The Board of Directors of AppAsia Berhad (“the Company”) has adopted this Directors’ Fit and Proper Policy (“the Policy”) which is intended for the Company and its subsidiaries (collectively referred to as “the Group”).
The Policy serves to guide the Nomination Committee (“NC”) of the Company and its Directors to review and assessment of candidates that are to be appointed onto the Board as well as Directors who are seeking for election or re-election.
This Policy is firmly aligned with the achievement of the Company’s business objectives, values and principles.
2.1 For the purpose of establishing whether a person is fit and proper to be elected or re-elected to the Board of the Group, the candidate has to be assessed based on the following criteria:
1. Character and Integrity
b) Personal Integrity
c) Financial Integrity
2. Experience and competence
a) Qualifications, training and skills, relevant experience and expertise
b) Relevant past performance or track record
Possesses relevant experience and expertise with due consideration given to past length of service, nature and size of business, responsibilities held, number of subordinates as well as reporting lines and delegated authorities.
3. Time and commitment
a) Ability to discharge role having regard to other commitments
Able to devote time as a board member, having factored other outside obligations including concurrent board positions held by the Director across listed issuers and non-listed entities (including not-for-profit organisations).
b) Participation and contribution in the board or track record
a. The NC will assess each candidate for election or re-election based on the criteria set under item 2.1 before recommending to the Board for approval.

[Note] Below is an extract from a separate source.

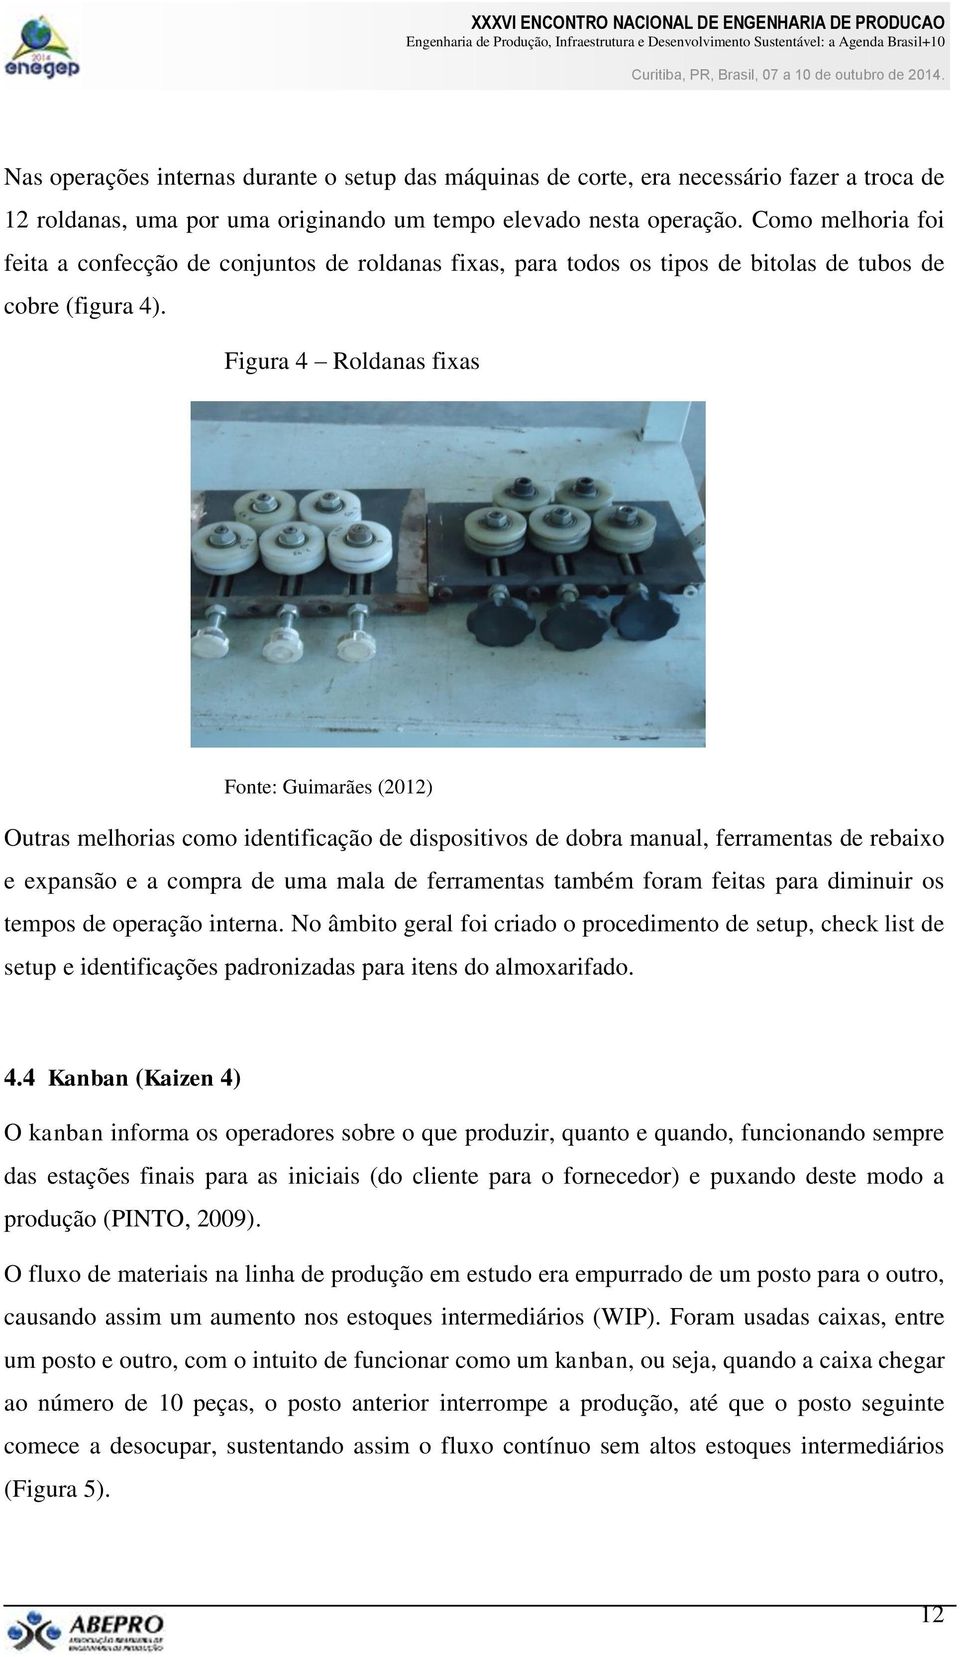 Figura 4 Roldanas fixas Fonte: Guimarães (2012) Outras melhorias como identificação de dispositivos de dobra manual, ferramentas de rebaixo e expansão e a compra de uma mala de ferramentas também

b. For the election of a new Director, the candidate is required to provide a consent in writing to be a director and make a declaration that he is not disqualified from being appointed or holding office as a director of a company under the Companies Act 2016.
a. Where the candidate is an employee of the Group, the Board of the subsidiary of the Company will assess each candidate for appointment or re-election based on the criteria set under item 2.1.
b. Where a candidate who is not an employee of the Group is being proposed for appointment or re-election to the Board of the subsidiary of the Company, then the Executive Director(s) will assess such candidate based on the criteria set under item 2.1.
c. For the appointment of a new Director, the candidate is required to provide a consent in writing to be a director and make a declaration that he is not disqualified from being appointed or holding office as a director of a company under the Companies Act 2016.
This Policy should be reviewed annually by the NC.
Any revision or amendment to this Policy, as proposed by the Committee or any third party, shall first be presented to the Board for its approval. Upon the Board’s approval, the said revision or amendment shall form part of this Policy and this Policy shall be considered duly revised or amended.
The Policy should be disclosed on the Company’s website.